I haven't heard of any courses for SurrealDB yet - it's still very new, but I'm sure there will be one before too long.
Great video, thanks for sharing. SQL novice here, would you mind sharing the SQL/SurrealDB queries? Would love to look them over to better understand.
Thanks - unfortunately I don't have the queries posted anywhere, but you can check out README.md on the SurrealDB GitHub repository for some good examples!
I'm ready to marry this db
💍
😂
hah me too!
how would I host this and not have to worry about scalability? thanks for the video!
Hey Osej! Currently you can run SurrealDB on top of TiKV (tikv.org) which would enable you to scale your data to 100+TB if you need. We're going to be improving our documentation on our site soon so that it makes this easier to get started with, but for the moment head to the bottom of this page: surrealdb.com/docs/start/starting-surrealdb
Looks like you got an answer directly from Jaime 😎
Super interesting.. thanks for sharing!
Thanks for watching!
Is there a way to change the schema without going schema-less?
I believe you can do this, but I can't remember if I actually tried it.
onto the software. I'd like to make soft from my ukulele, keyboard, etc., but don't know how to transfer. Do I need a microphone or
SurrealDB thankfully doesn't require a ukelele, keyboard or microphone. Unless you're using it to store your band's music
Do you know how to get the attributes that can be SET in a RELATE?
not sure off the top of my head, maybe drop into the SurrealDB discord server and ask! They are really responsive.
This DB looks really interesting. I would love to try it for a future Rust project.
Does it cost anything to use? Is it available at any existing cloud hosting provider?
Nice! It's completely free to download and host however you like. But SurrealDB is aiming to also provide a managed cloud version of it that comes at a cost, which I imagine will be a pretty compelling value prospect.
You can run it yourself in a docker container on a VPS. Should be pretty simple.
Is it just the special query language and the websocket real time updates that makes it different from normal SQL databases? Everything it can do in this video can also be done in normal SQL databases. Also, is it ACID?
I think the main differences from traditional SQL databases are
* Under the hood it is a key-value store, which allows for basically infinite horizontal scalability because it lends itself well to sharding. Traditional SQL databases need something like Vitess to do this
* It supports graph operations
* Strict schemas are supported but not required
* Supports REST endpoints and end user auth out of the box
I'm probably missing something else but those are the first ones that come to mind. More broadly though, choosing a database paradigm is currently one of the most impactful decisions in any software project, and making the wrong choice can lead to immense amounts of pain. The main value of SurrealDB is that it is aiming to be aiming to be a jack of all trades, such that it can support any unforseen use cases that might arise after a database has already been chosen.

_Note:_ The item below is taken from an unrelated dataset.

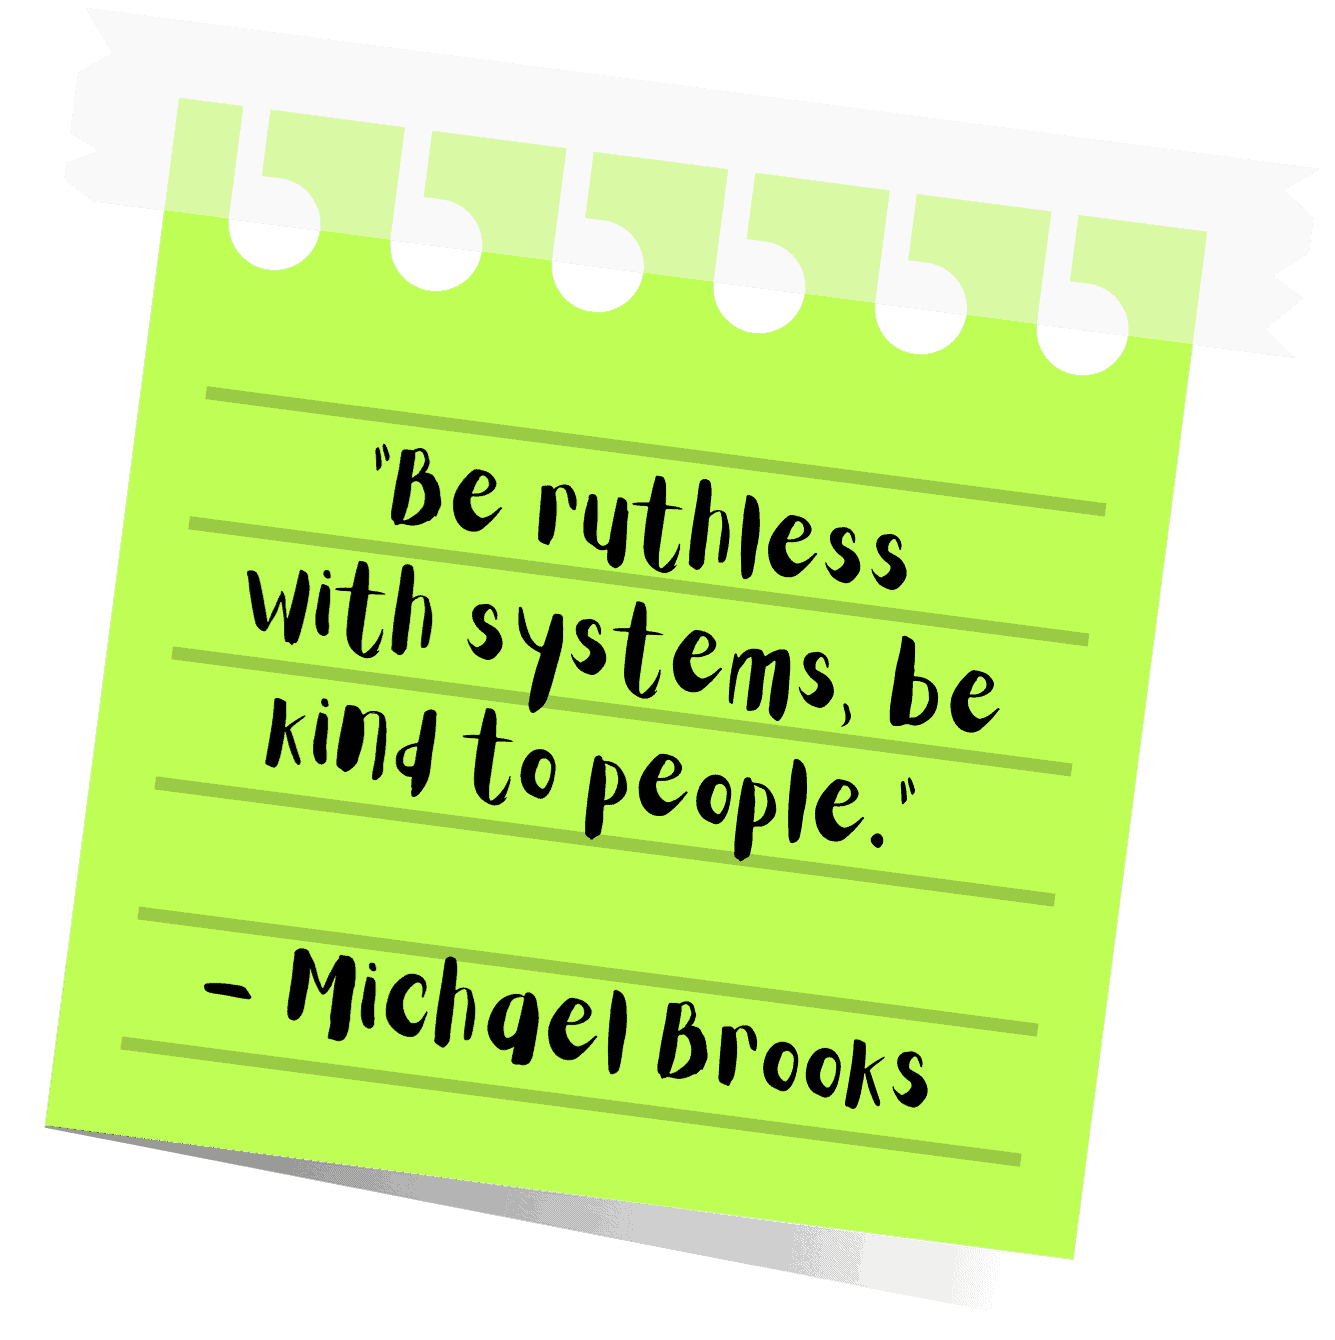 michael brooks quote

For example - if initially a project just requires a KV store but a few years later a new feature requires a relational database. SurrealDB gotchu.
And I believe it is ACID, but check the docs and/or ask on the Discord server to keep me honest.
Can this access the file system from functions? Thinking in terms of writing files to other storage.
Would love a tutorial on the graph queries if you have them down. They can twist your mind when not familiar with the syntax.